И будет совершенно права.
За окном начинает петь птица.
Давид ненавидит пение птиц, но сейчас отчего-то рад его слышать.
[1] Я заберу её к себе. И мы вместе станем носить наши одинаковые платья. Как сёстры-близнецы (идиш).
[2] И вашего ублюдка я тоже заберу (идиш).
3
Едва взглянув на Пашу, ещё на пороге его квартиры, Давид тут же начинает лихорадочно соображать, как не рассмеяться в голос.
За те пару недель, что они не виделись, Паша зачем-то отпустил бороду. Борода ему откровенно не идёт, если не сказать хуже.
А если сказать — она делает Пашу похожим на козла.

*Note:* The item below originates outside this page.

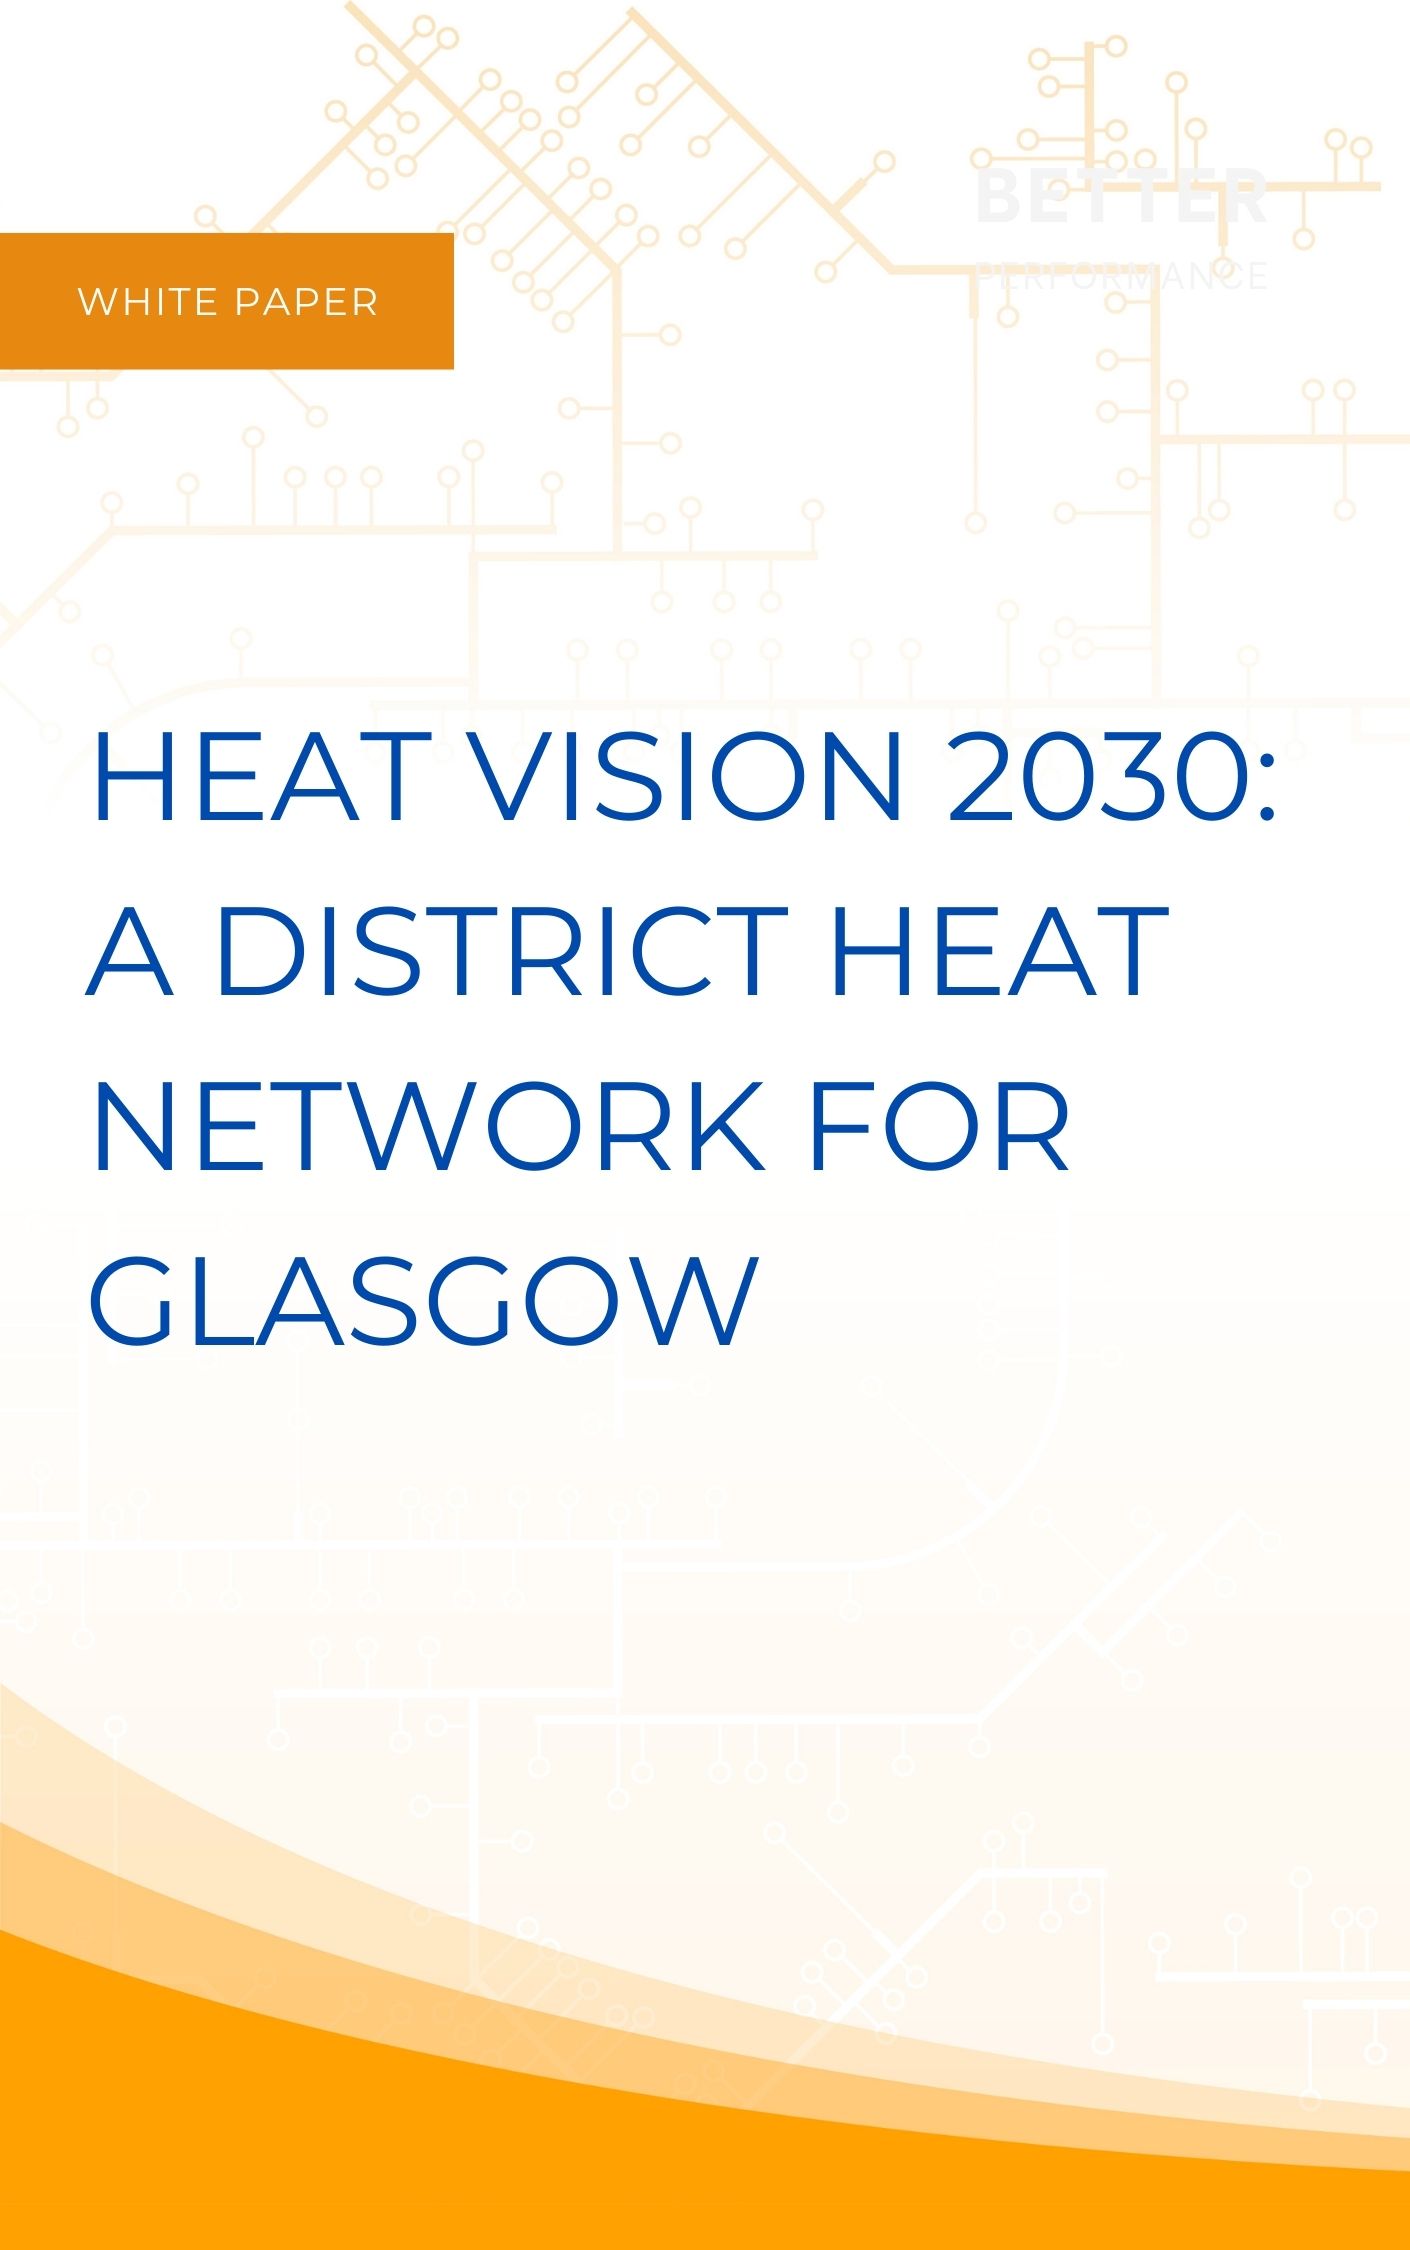 Heat Vision 2030 A District Heat Network for Glasgow
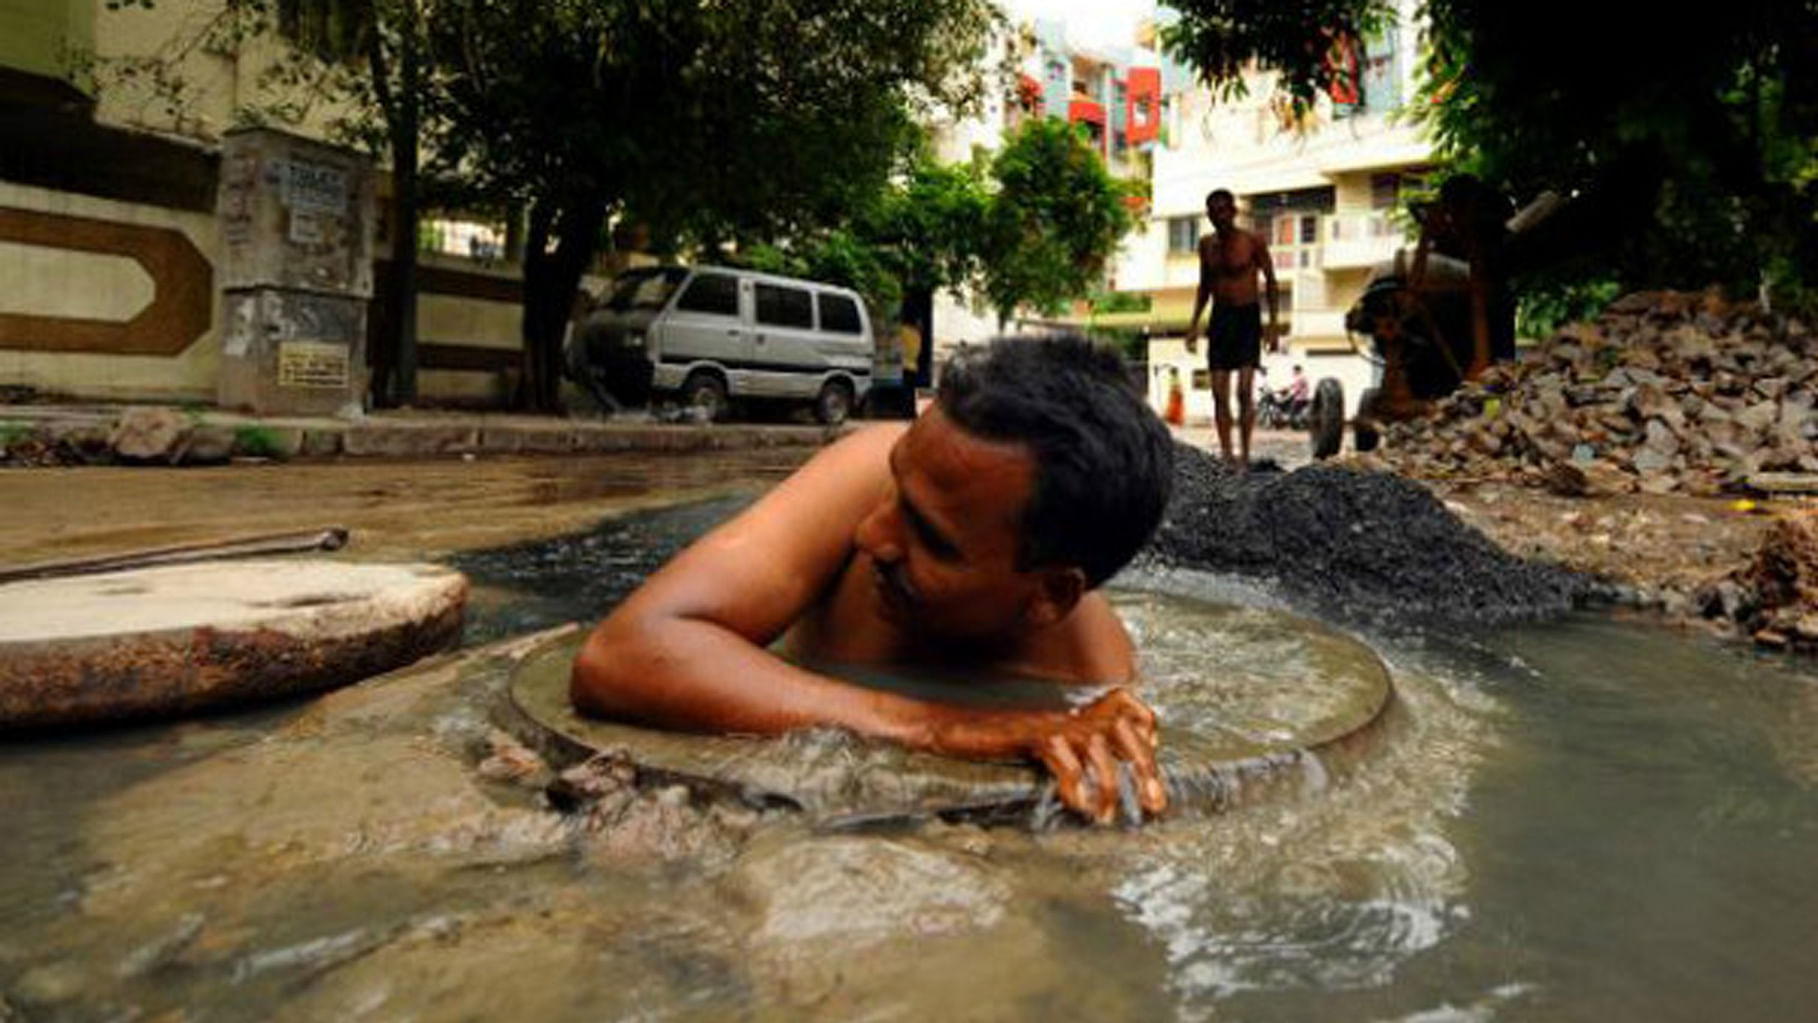 Sanitation workers are forced to work without any protective apparatus. (Photo Courtesy: The News Minute)

Кроме того, кажется, за эти две недели Паша похудел ещё сильнее.
«От любви иссох», — говорит что-то язвительное внутри него, и Давид тут же затыкает эту внутреннюю ехидну.
За собой смотри, свободный и независимый дятел.
— Рад тебя видеть, — говорит Паша и обнимает его. — Правда я это… с работы только недавно вернулся и не успел ничего приготовить.
— Забей, — Давид протягивает Паше пакет. — Тут пиво и вино, — он усмехается, — и, ты не поверишь, твой любимый «Дюшес».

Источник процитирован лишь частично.